Sunday 25 March 2012

A Taste of Serbia

I recently returned from a trip to Belgrade, the capital of former Yugoslavian country Serbia. If I'd been hoping for a relaxing, cheery holiday I would most definitely have been disappointed. The museums were lacklustre, the streets lined with rubbish and very few restaurants used the Latin alphabet making trying to decipher the Cyrillic words of a menu the biggest activity of my visit (as a vegetarian this was especially difficult).

My trip was certainly an interesting one, however. I spent an afternoon with two men who work in the sex industry. While the two men were friends (often working together as a safety measure) their circumstances were very different. One man, we'll call him Tomas, was very confident with his role and, he explained to me through an interpreter, very much enjoyed having sex with his male clients. He even proudly showed me intimate pictures of himself dressed in revealing women's clothing (and one of him not dressed at all). The other sex worker - whom I shall refer to as Raz - did not feel happy with job he did for a living. As a man from the Roma community, Raz feels utter shame with what he does for money. That he still lives with his parents brings this shame to him everyday. So while Tomas experiences many of the difficulties that all sex workers face: occasional abuse from clients, persecution from arbitrary laws and practices towards those perceived as 'prostitutes' on the streets of Belgrade, Raz endures this and more. Tomas's parents know that he is gay, even if he hasn't explained to them how he pays the rent each month. Raz could never tell his family that he sells sex. When he was imprisoned for soliciting sex, he lie to his family about why he was there: 'It would be less shameful to tell my family I murdered someone than admit I am a prostitute.'

What my encounter with Tomas and Raz taught me was that I, despite considering myself open-minded - had been completely blind to the wider picture about sex workers. Not only are they not just women: they're not just exploited and they're not just victims. There are a whole complex set of reasons why a person sells sex ranging from those who are trafficked for sexual exploitation to those whose economic situation pushes them there through to those who have an active desire to sell sex for no other reason than that they want to. This is not a perversion and it does not necessarily mean they have been abused, or forced into doing this.

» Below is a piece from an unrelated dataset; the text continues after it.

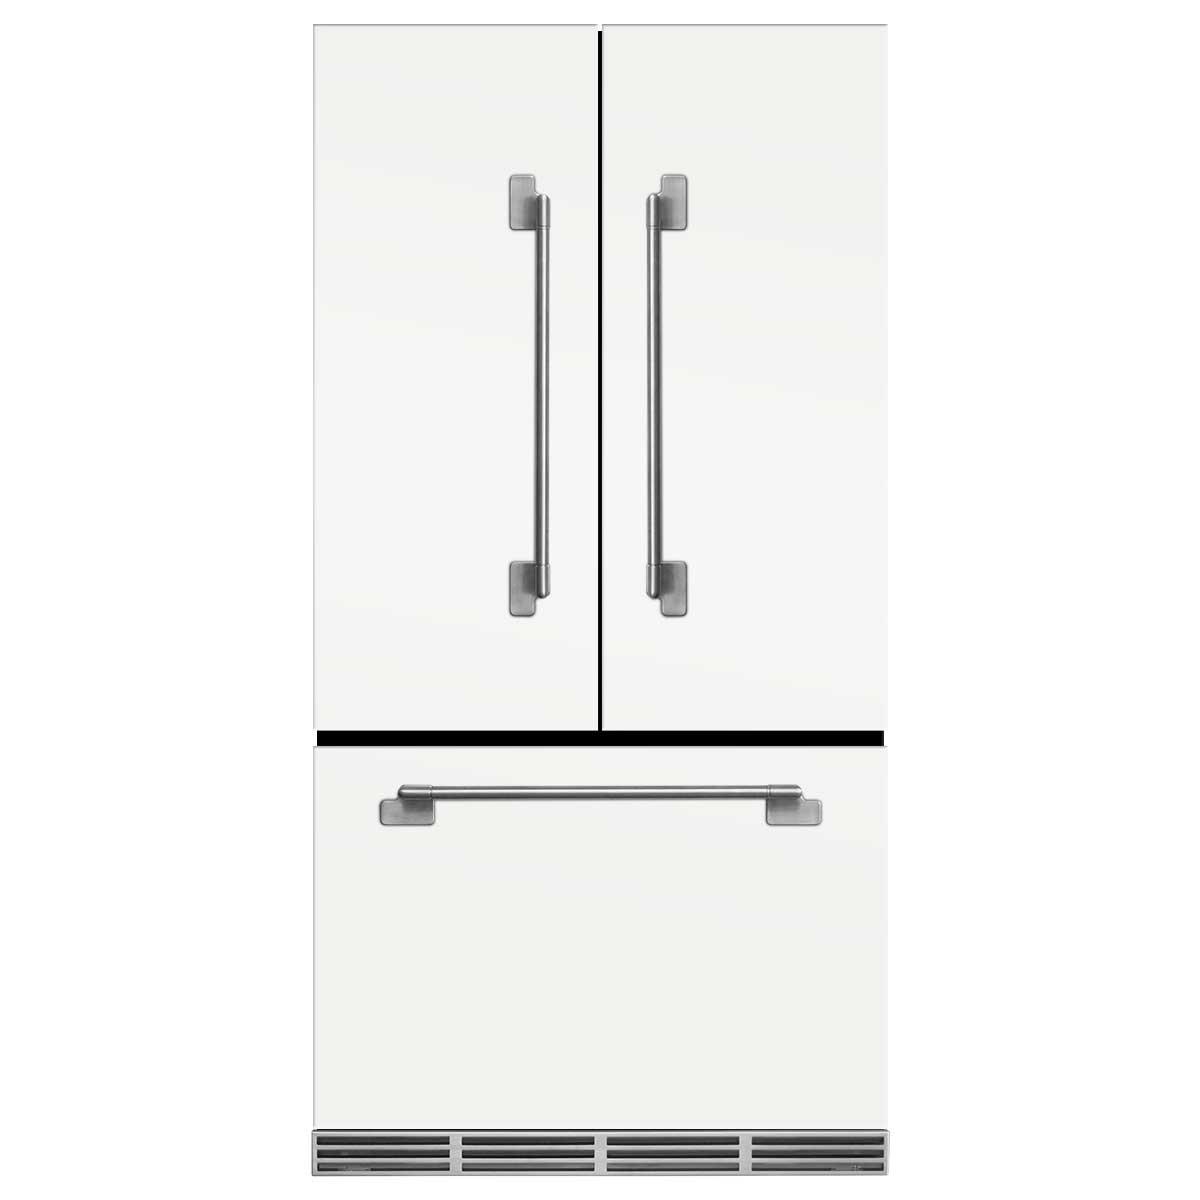 Marvel Elise French Door Counter-Depth Refrigerator Marvel Elise French Door Counter-Depth Refrigerator Scarlet

My meeting with Raz was also my first encounter with the difficulties faced by the Roma community in Serbia. For while Serbia's overall unemployment rate is 40%, discrimation is such that the figure is probably double for Roma people who, as far as a I could see, live in what amounts to small-scale shanty towns dotted around the city.

Above all Belgrade was a miserable place to be. The abandoned construction works, bombed buildings, and extremist graffiti were the biggest factors in this. But the largest contributor to this feeling of malaise was in the people I met. Above all they were pessimistic about getting jobs, pessimistic about the ability of their government to make any changes for the better, pessimistic about the upcoming elections, pessimistic about any improvement in conditions for the vulnerable when (or if?) Serbia joins the EU and pessimistic about any imminent economic recovery. For Serbians, the future is most certainly not bright.